For the price, the Nexus 7 is a nice piece of gear. It fits comfortably in one hand, and it weighs about as much as a thick paperback book (340 grams). Its back is coated with a pleasing textured rubber. Its overall build quality is what you'd expect of a costlier device.
With its 7-inch screen, the Nexus 7 isn't the largest Android tablet around, and it's considerably smaller than the iPad. Still, its 1,280-by-800 resolution is the same as that of the 10.1-inch Samsung Galaxy Tab. That puts it at 216ppi (pixels per inch) -- less than the 326ppi of the iPad's Retina Display, but noticeably better than the Galaxy Tab's 149ppi. Its colors are perhaps not as vibrant as some screens, but graphics look sharp.
Introducing "Jelly Bean" and mobile Chrome Much has been made of the fact that the Nexus 7 is the first device to ship with the next generation of the Android OS, code-named "Jelly Bean." But "Jelly Bean" is Android 4.1, not 5.0. Most of the changes from Android 4.0 ("Ice Cream Sandwich") are incremental -- though, admittedly, few Android owners have seen that version.
"Jelly Bean" brings some minor UI improvements.

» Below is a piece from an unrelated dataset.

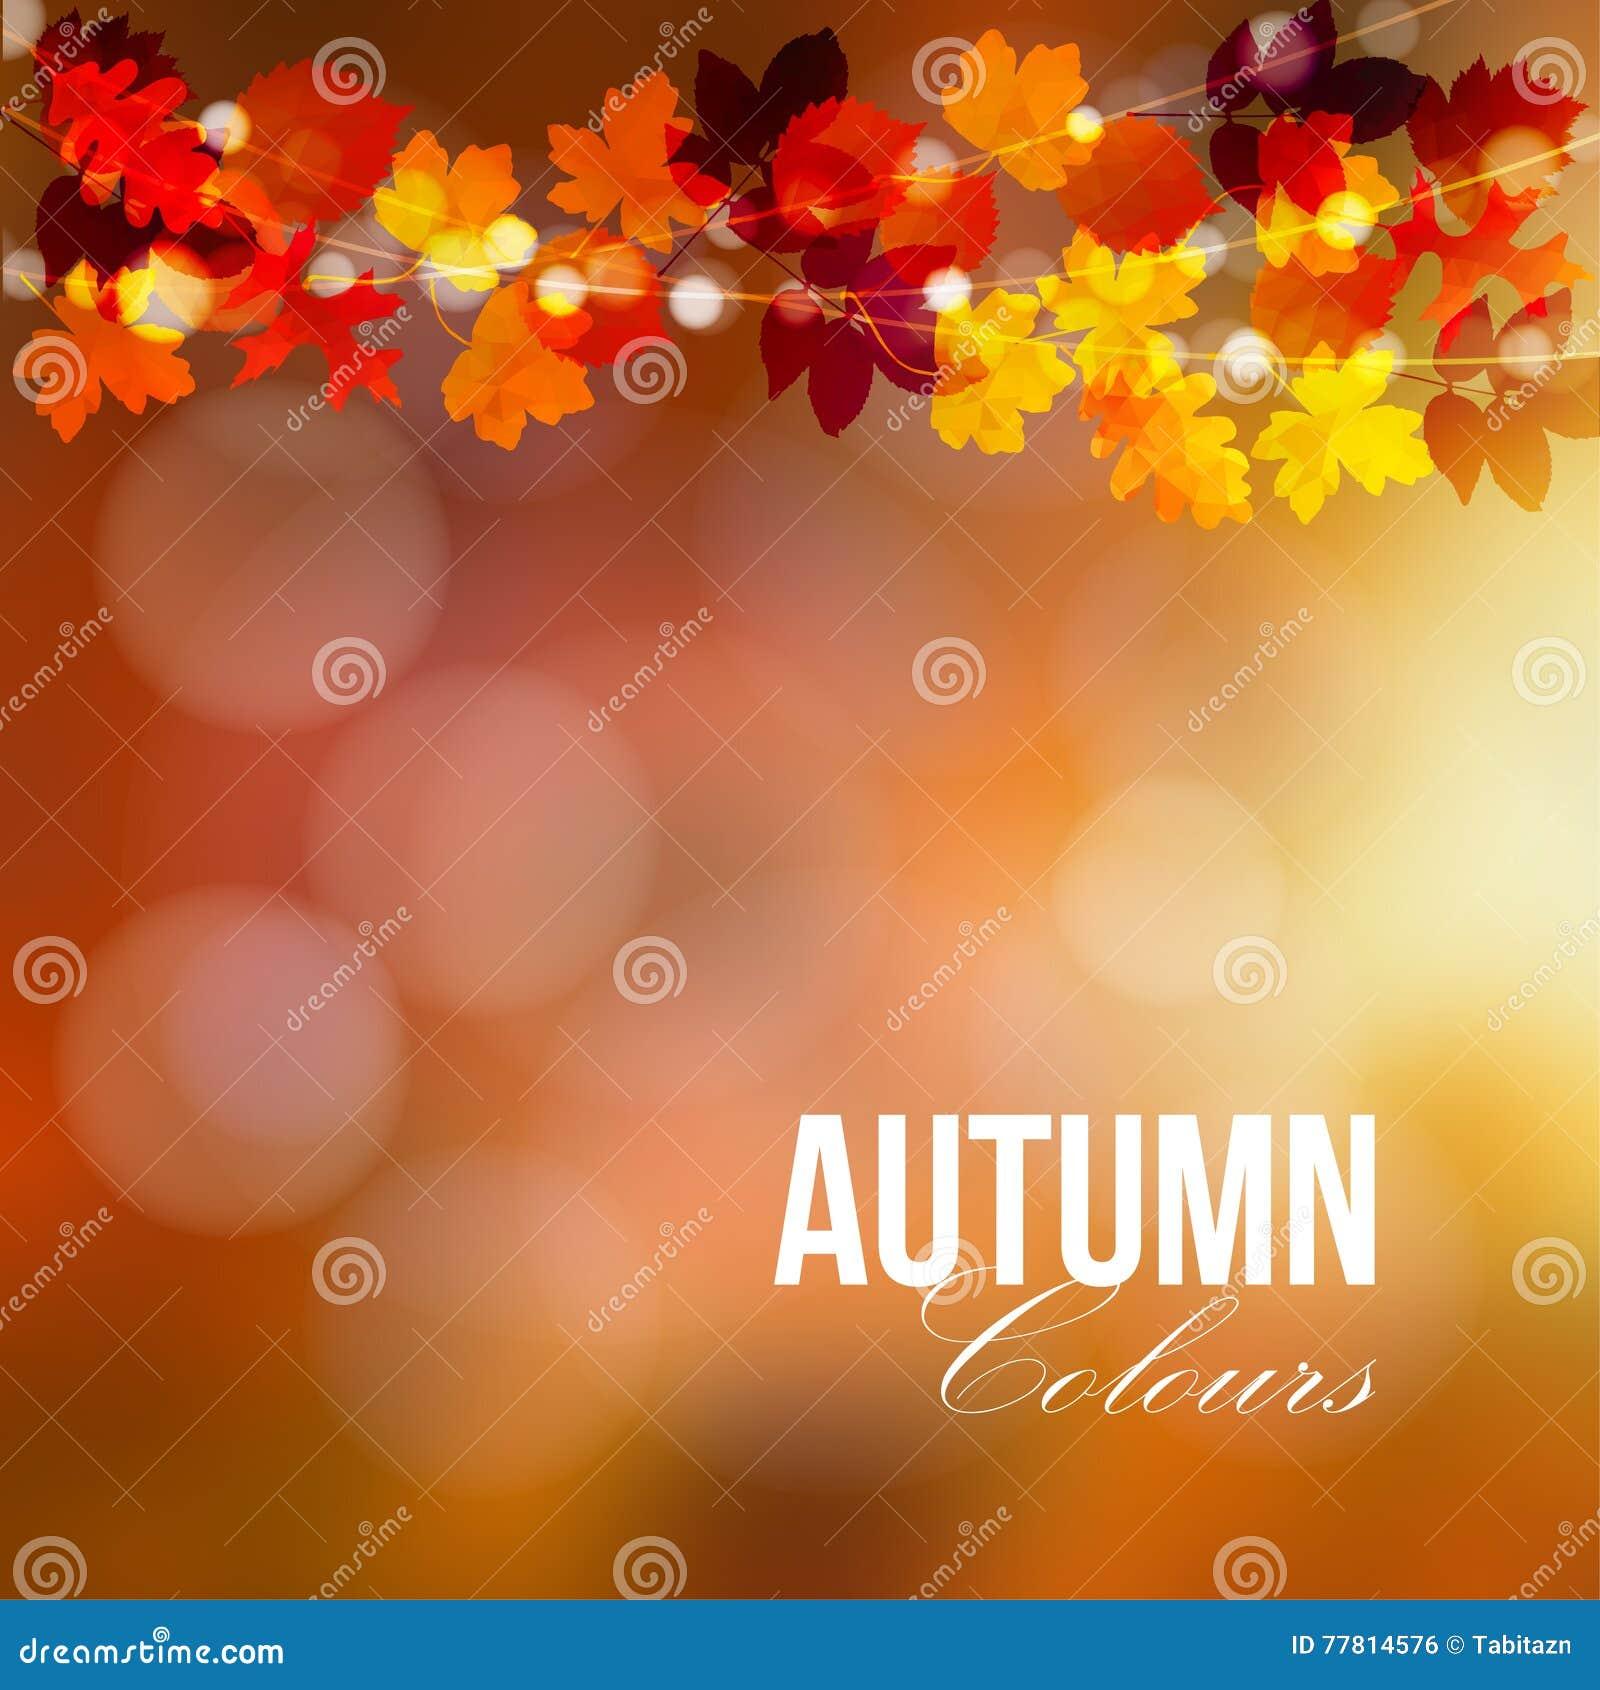 Autumn, fall card, banner. Garden party decoration. String of polygonal oak, maple leaves, lights. Modern illustration
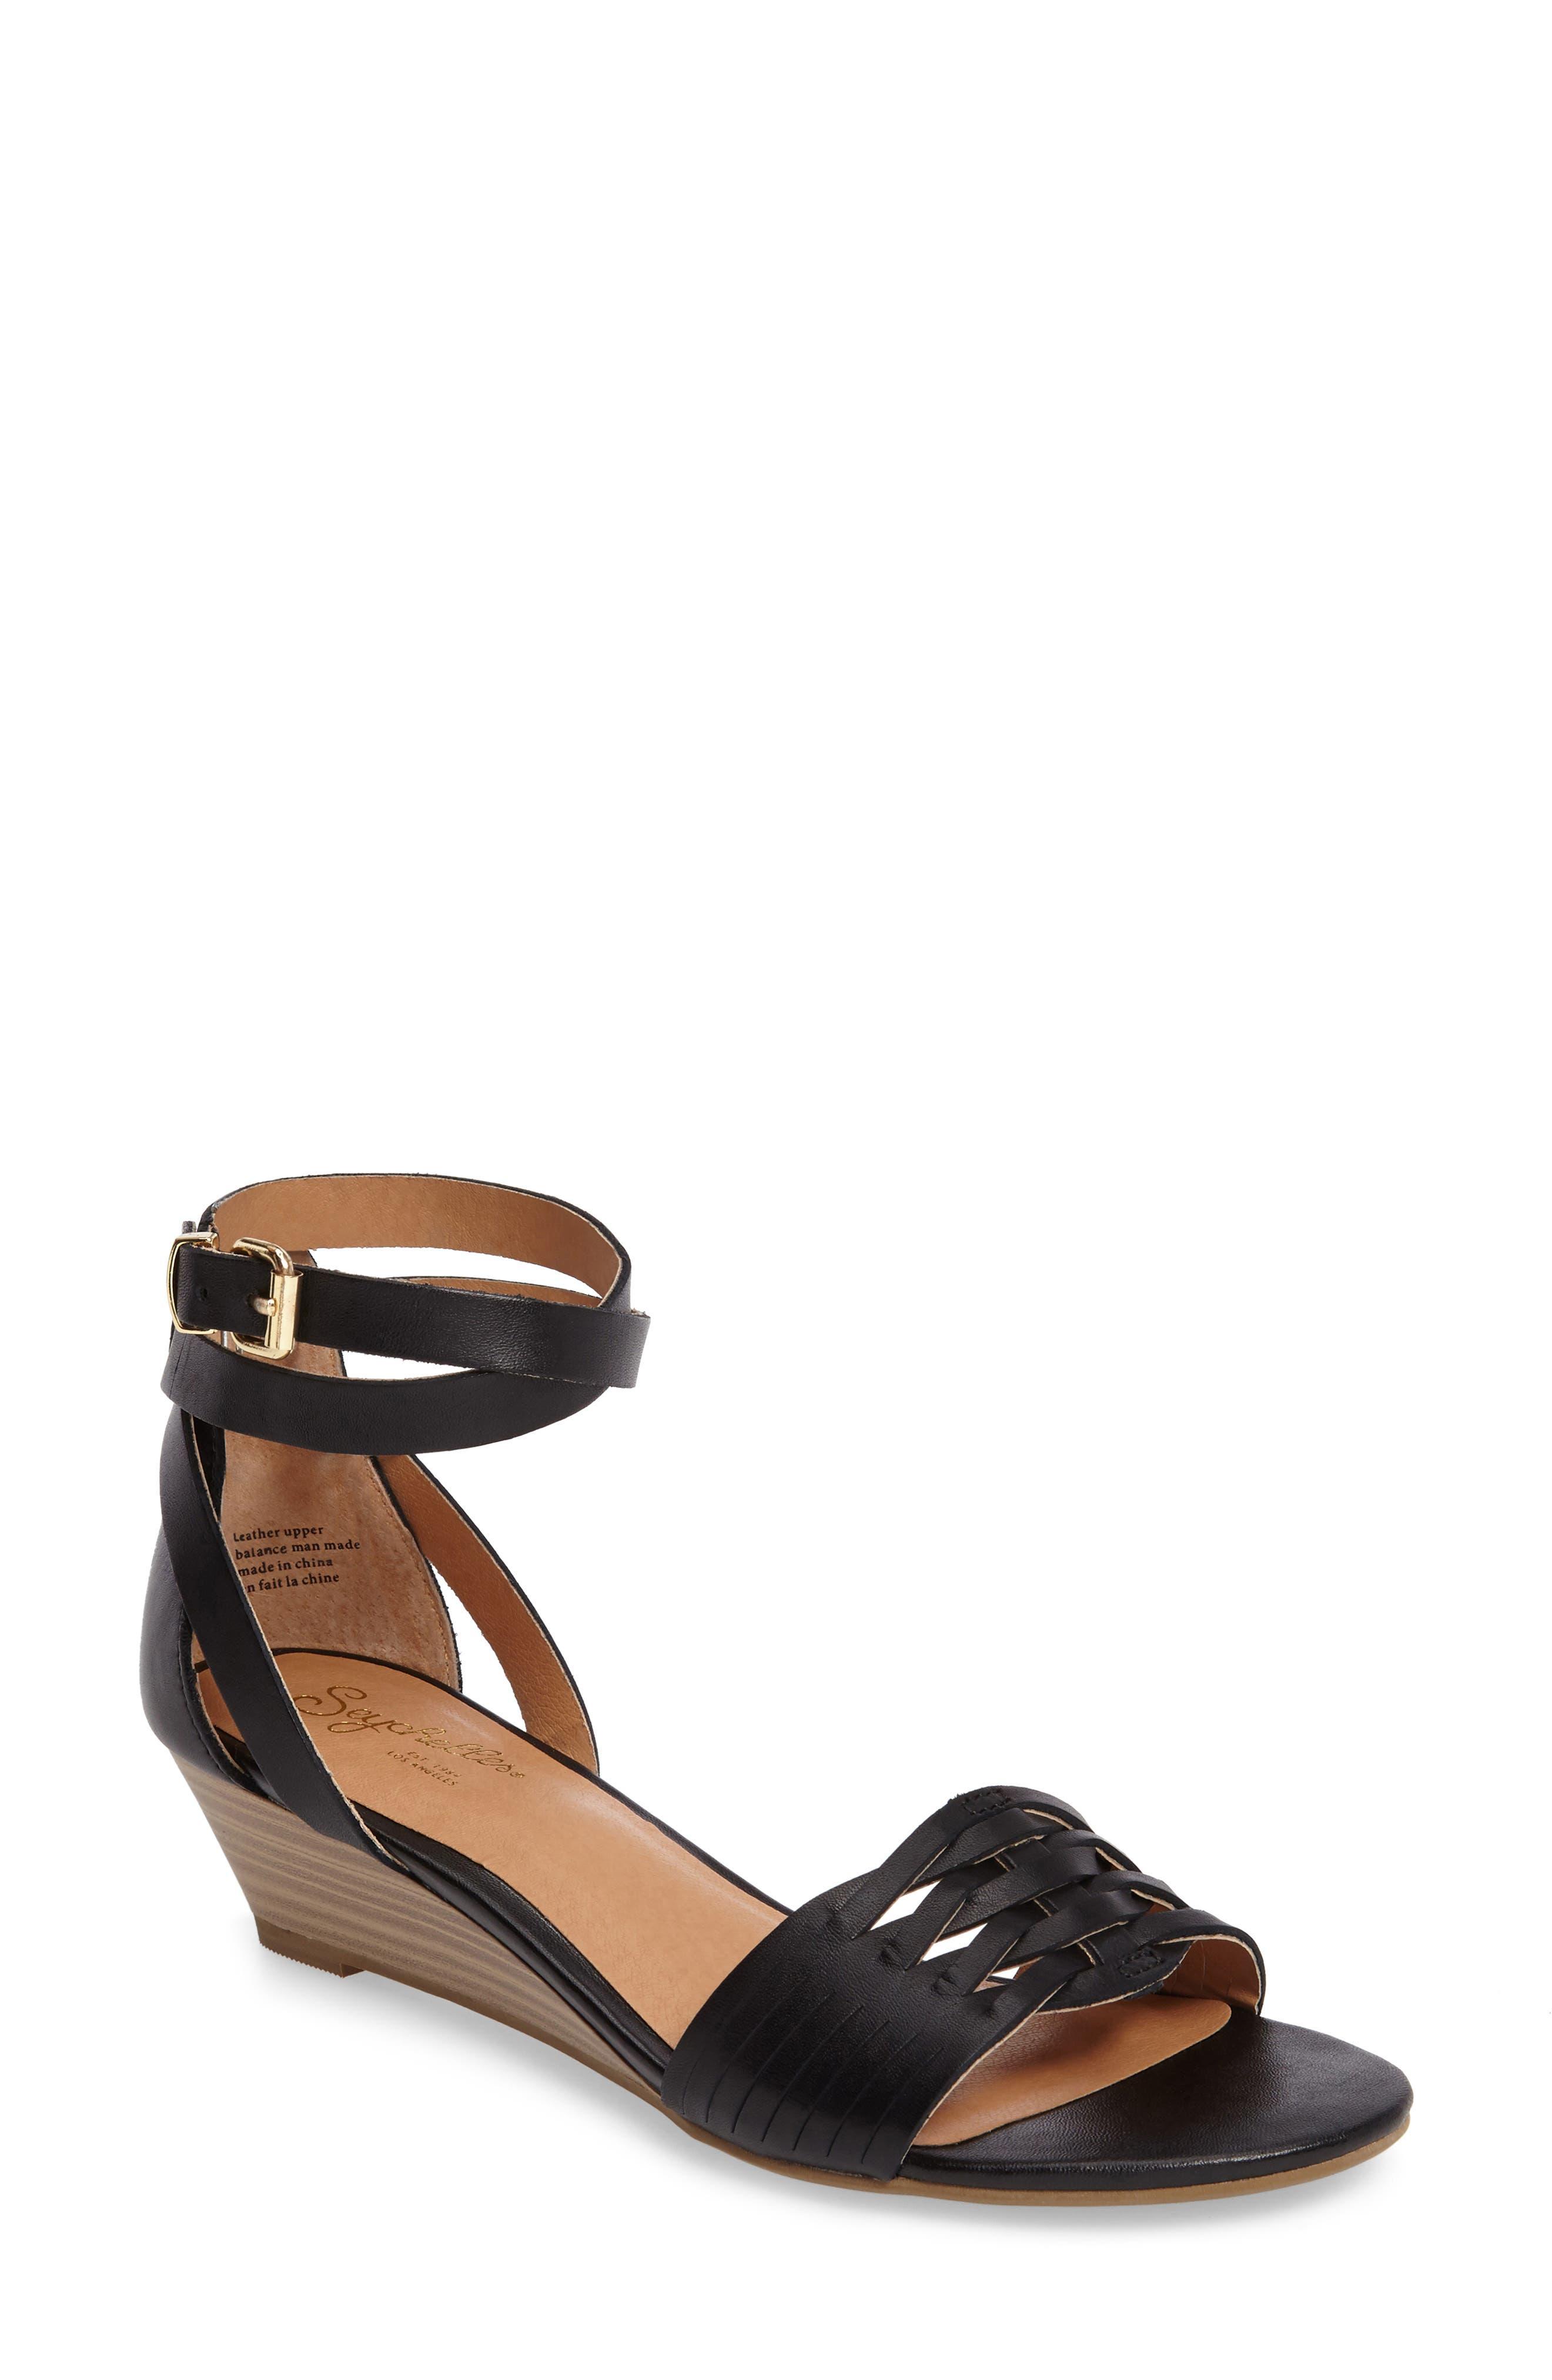 Sincere Wraparound Wedge Sandal, Main, color, 001

It's easier to move and resize widgets on the home screens, and you can group icons into folders to save space. Overall UI animations are smoother, though how much this is attributable to OS improvements and how much to the Nexus 7's quad-core Tegra 3 CPU is hard to say.
"Jelly Bean" features a new, on-device voice recognition engine that integrates with most text-input widgets on the device. The new, voice-integrated Google Search with speech synthesis is clearly designed to compete with Apple's Siri.
Then there's Google Now, a new search app that returns context-sensitive results on "cards." But since the Nexus 7 is Wi-Fi-only, Google Now's location-based searches will be less useful than they would be on smartphones.
The Nexus 7 is also the first Android device to ship with Chrome as its default browser. Chrome for Android isn't the same as desktop Chrome, however. It uses the same build of WebKit to render pages, but many websites still treat it as a mobile browser unless you force them to load their desktop layouts.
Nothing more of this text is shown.